* **TASK ITEM**: The pictures in the listing below are to be skipped, while the lines between the line holding "Εικόνα από Γυναικεία" and the line holding "サーマル不健全ミルクDMHYJ ランチバッグ かわいいクマや帽子", inclusive, are to be output exactly.

* **RECORDS SHOWN**:

++++++

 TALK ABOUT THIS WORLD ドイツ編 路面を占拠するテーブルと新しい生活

++++++

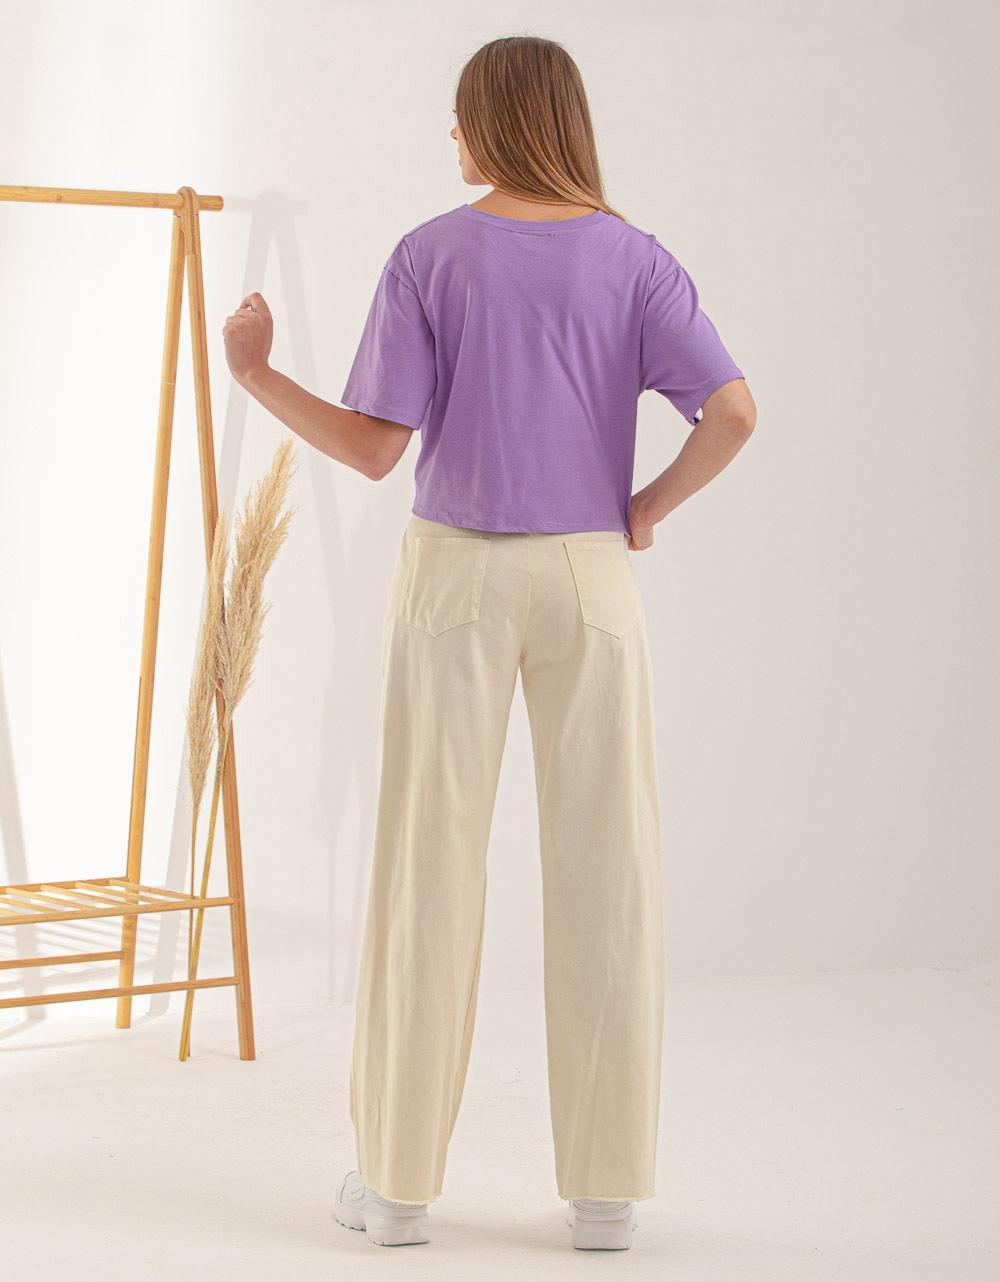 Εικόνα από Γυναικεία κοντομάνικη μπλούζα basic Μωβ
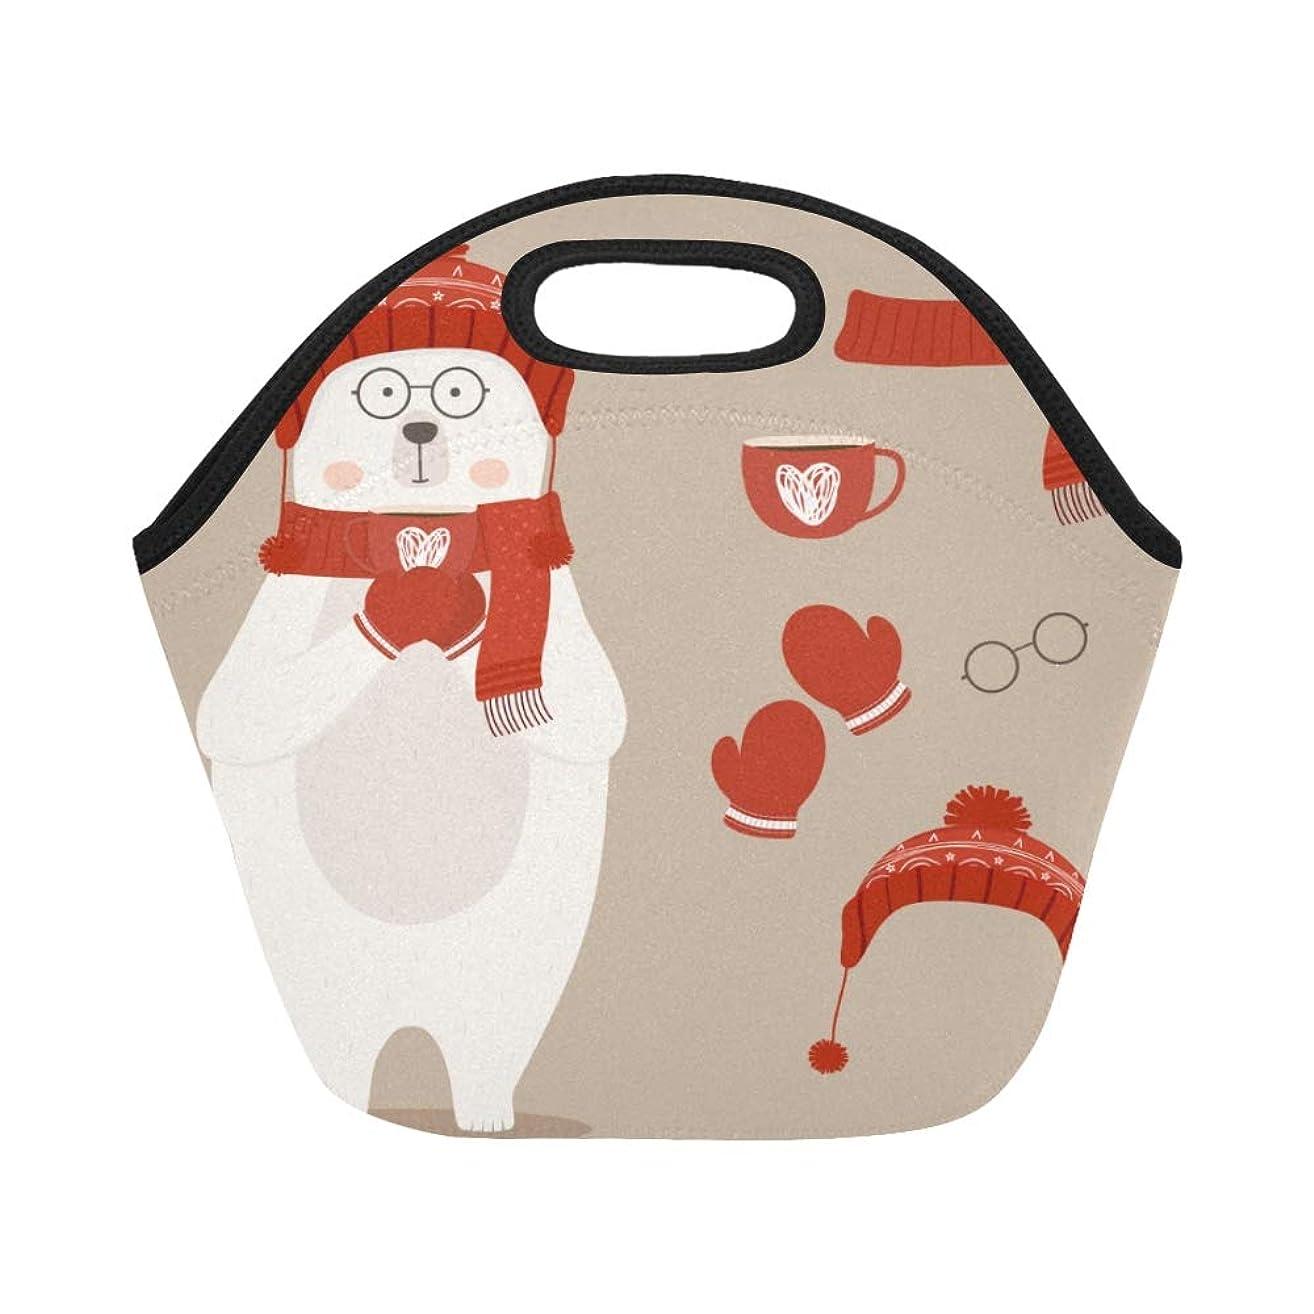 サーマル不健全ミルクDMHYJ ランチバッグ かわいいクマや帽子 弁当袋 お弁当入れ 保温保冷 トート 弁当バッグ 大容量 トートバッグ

++++++

* **TASK RESULT**:
 Εικόνα από Γυναικεία κοντομάνικη μπλούζα basic Μωβ
 サーマル不健全ミルクDMHYJ ランチバッグ かわいいクマや帽子 弁当袋 お弁当入れ 保温保冷 トート 弁当バッグ 大容量 トートバッグ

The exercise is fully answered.